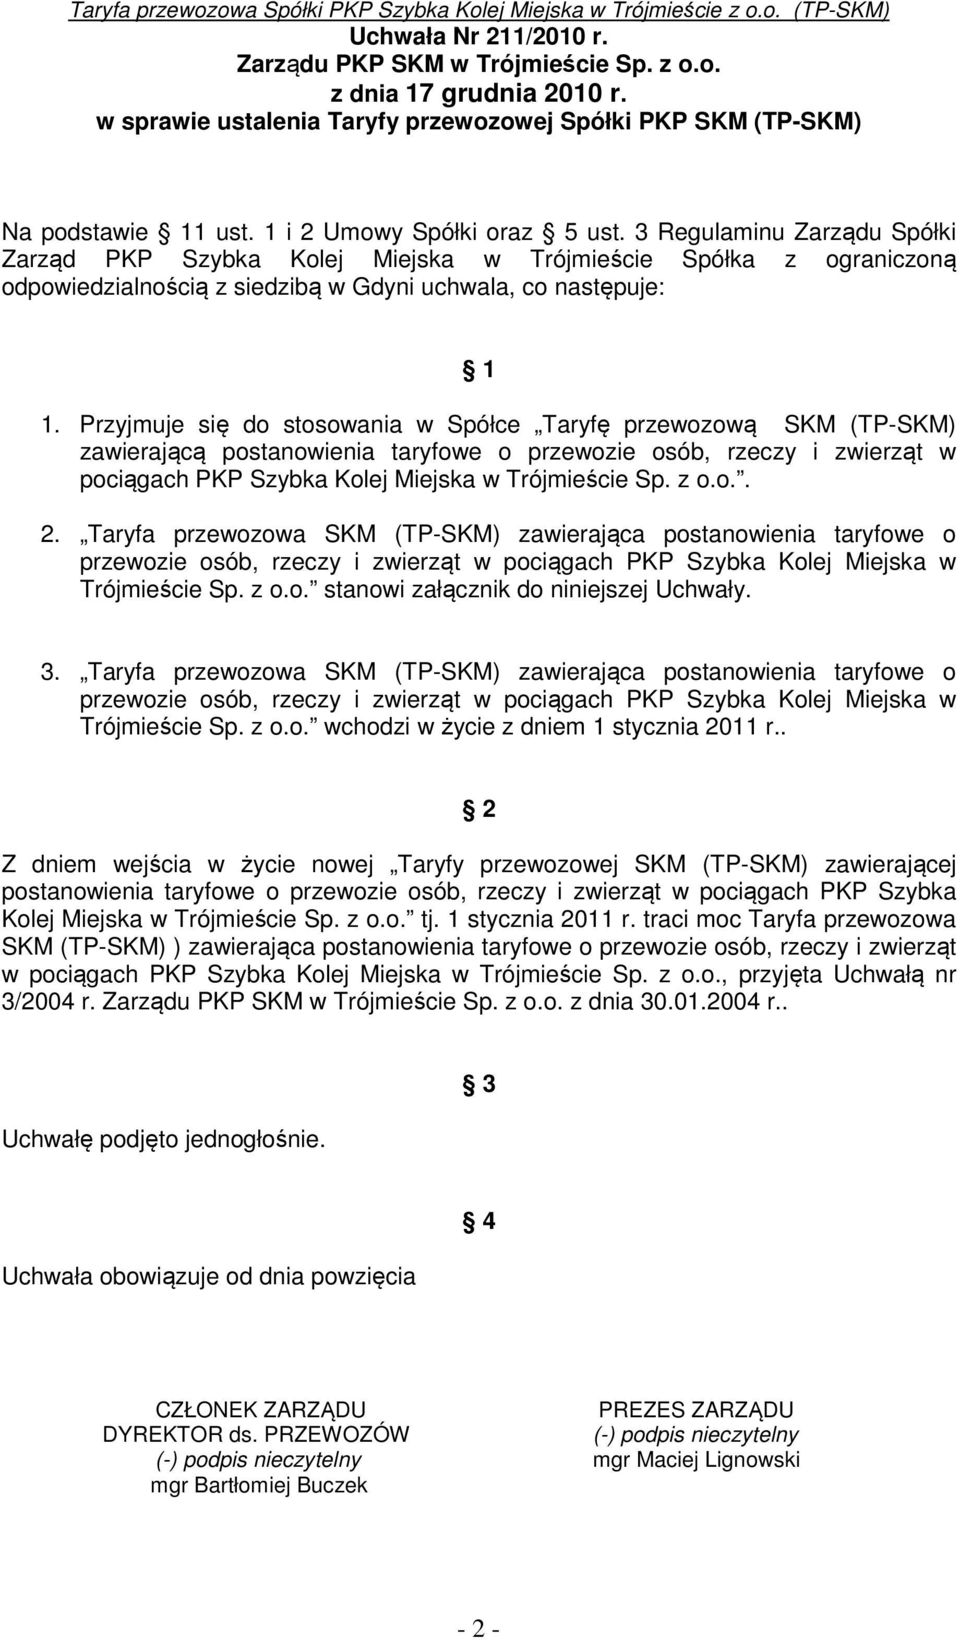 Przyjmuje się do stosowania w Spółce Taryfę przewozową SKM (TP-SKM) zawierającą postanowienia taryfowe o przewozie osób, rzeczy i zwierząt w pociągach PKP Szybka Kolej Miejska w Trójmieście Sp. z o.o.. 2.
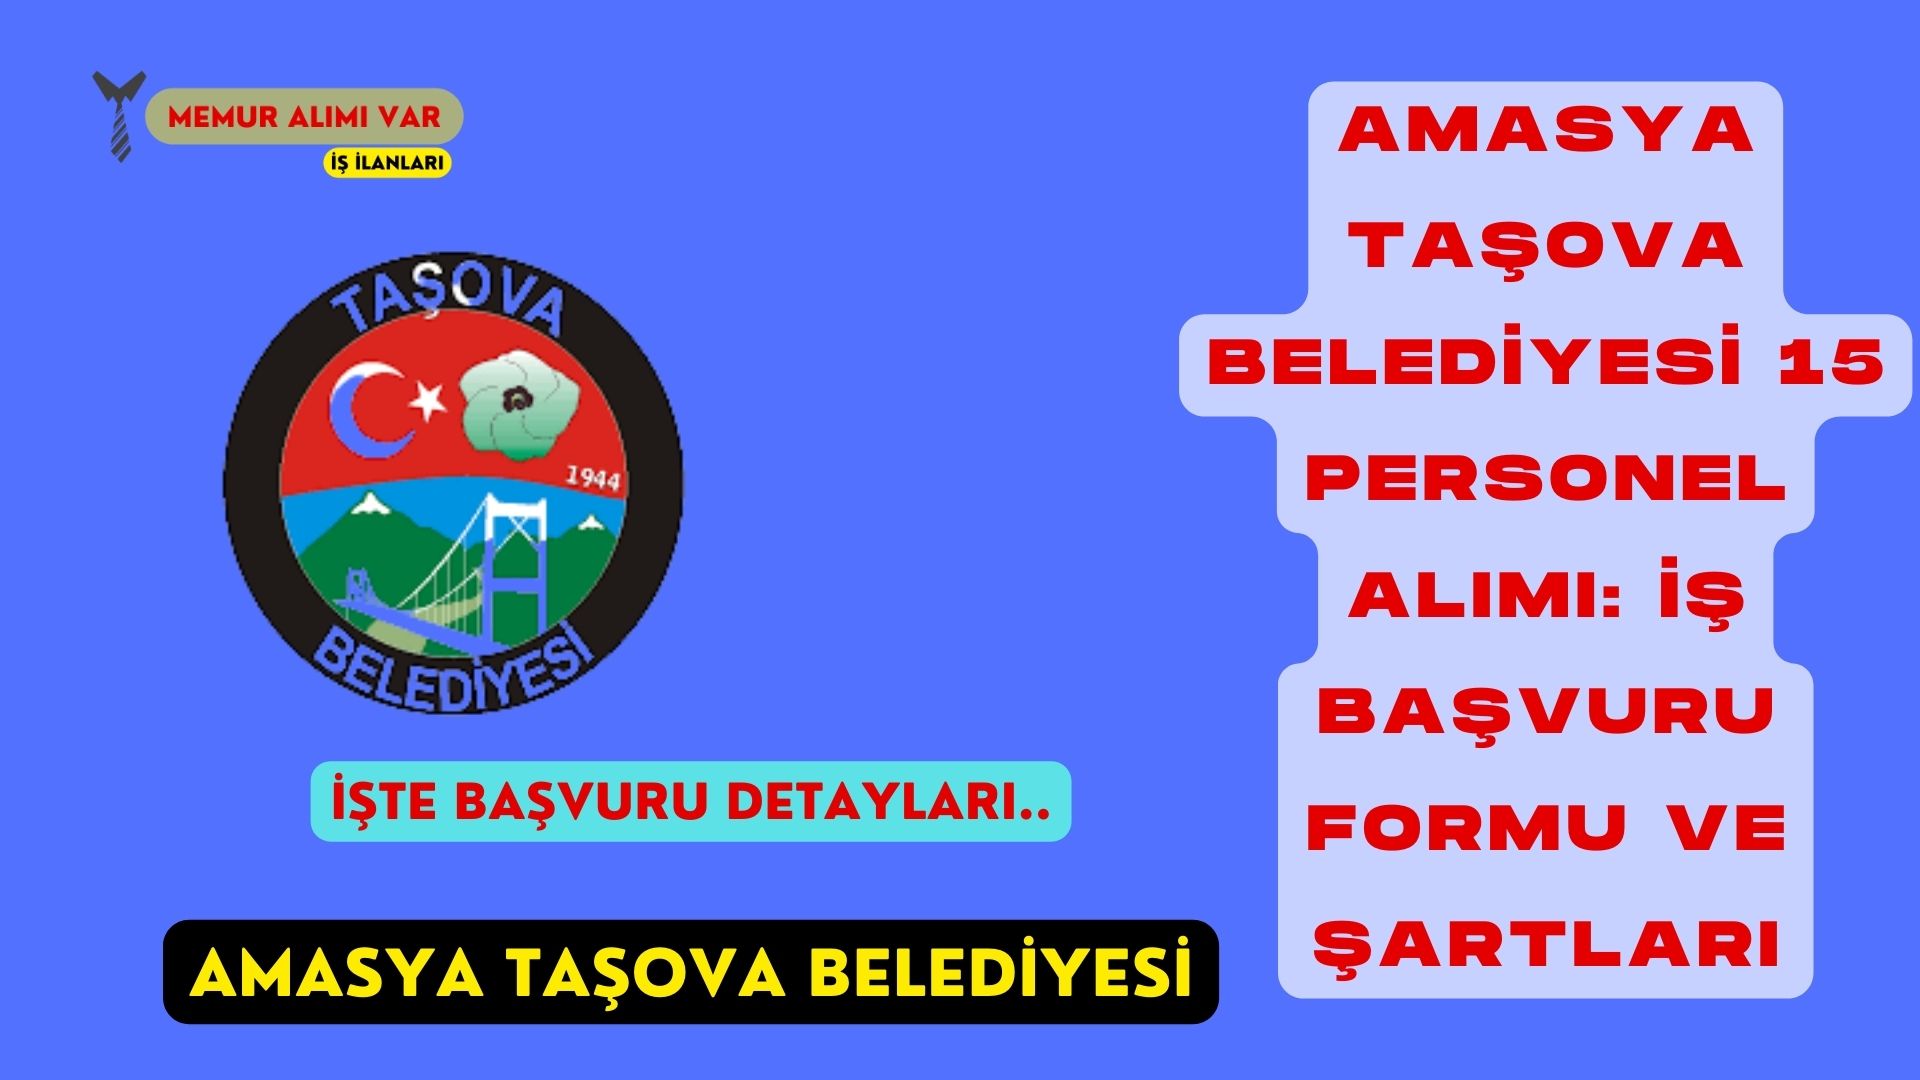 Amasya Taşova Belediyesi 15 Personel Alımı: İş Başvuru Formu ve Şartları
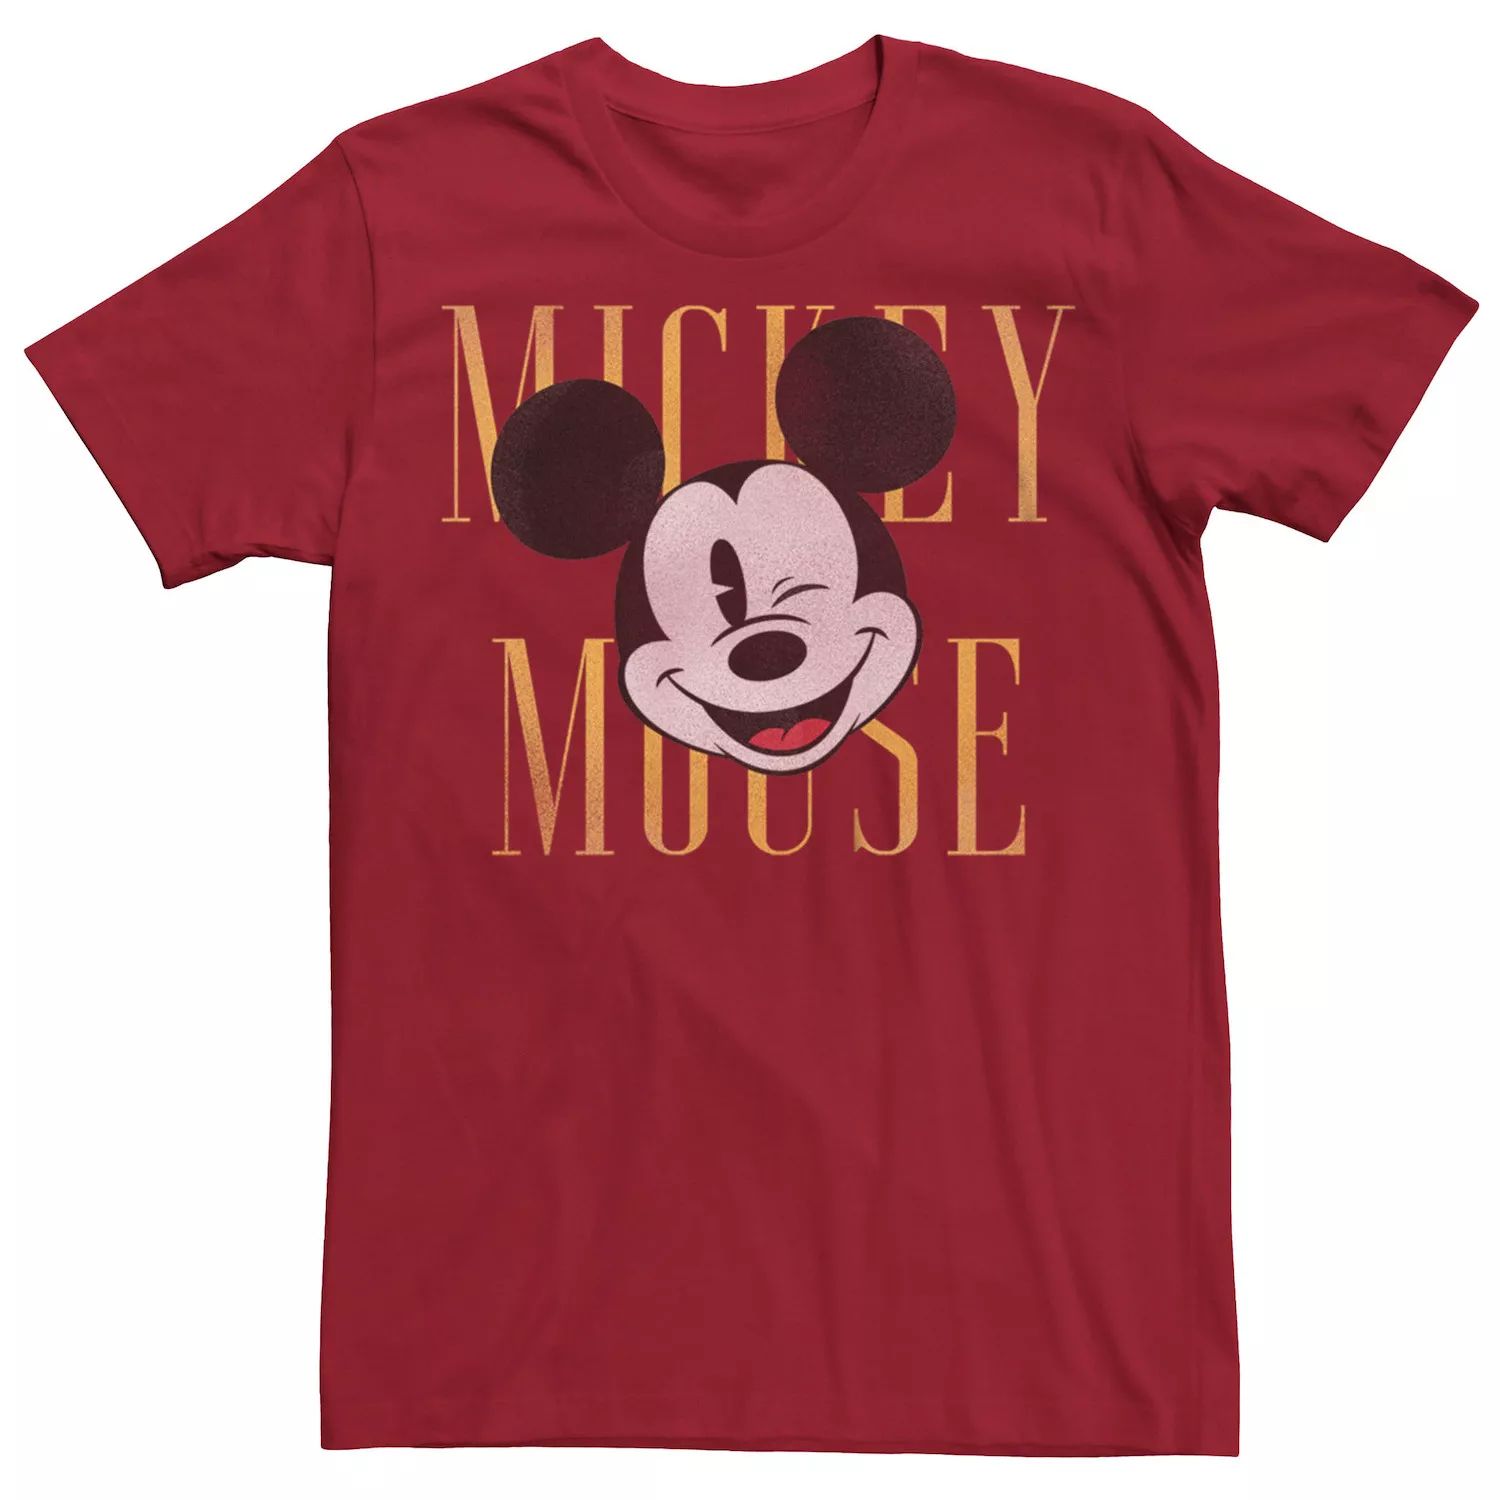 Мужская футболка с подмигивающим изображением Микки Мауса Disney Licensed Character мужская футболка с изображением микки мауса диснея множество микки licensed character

ABOUT THIS TASK
Skip the pictures, then retype every line above exactly.

ANSWER BELOW
 Przyjmuje się do stosowania w Spółce Taryfę przewozową SKM (TP-SKM) zawierającą postanowienia taryfowe o przewozie osób, rzeczy i zwierząt w pociągach PKP Szybka Kolej Miejska w Trójmieście Sp. z o.o.. 2.
 Amasya Taşova Belediyesi 15 Personel Alımı: İş Başvuru Formu ve Şartları
 Мужская футболка с подмигивающим изображением Микки Мауса Disney Licensed Character мужская футболка с изображением микки мауса диснея множество микки licensed character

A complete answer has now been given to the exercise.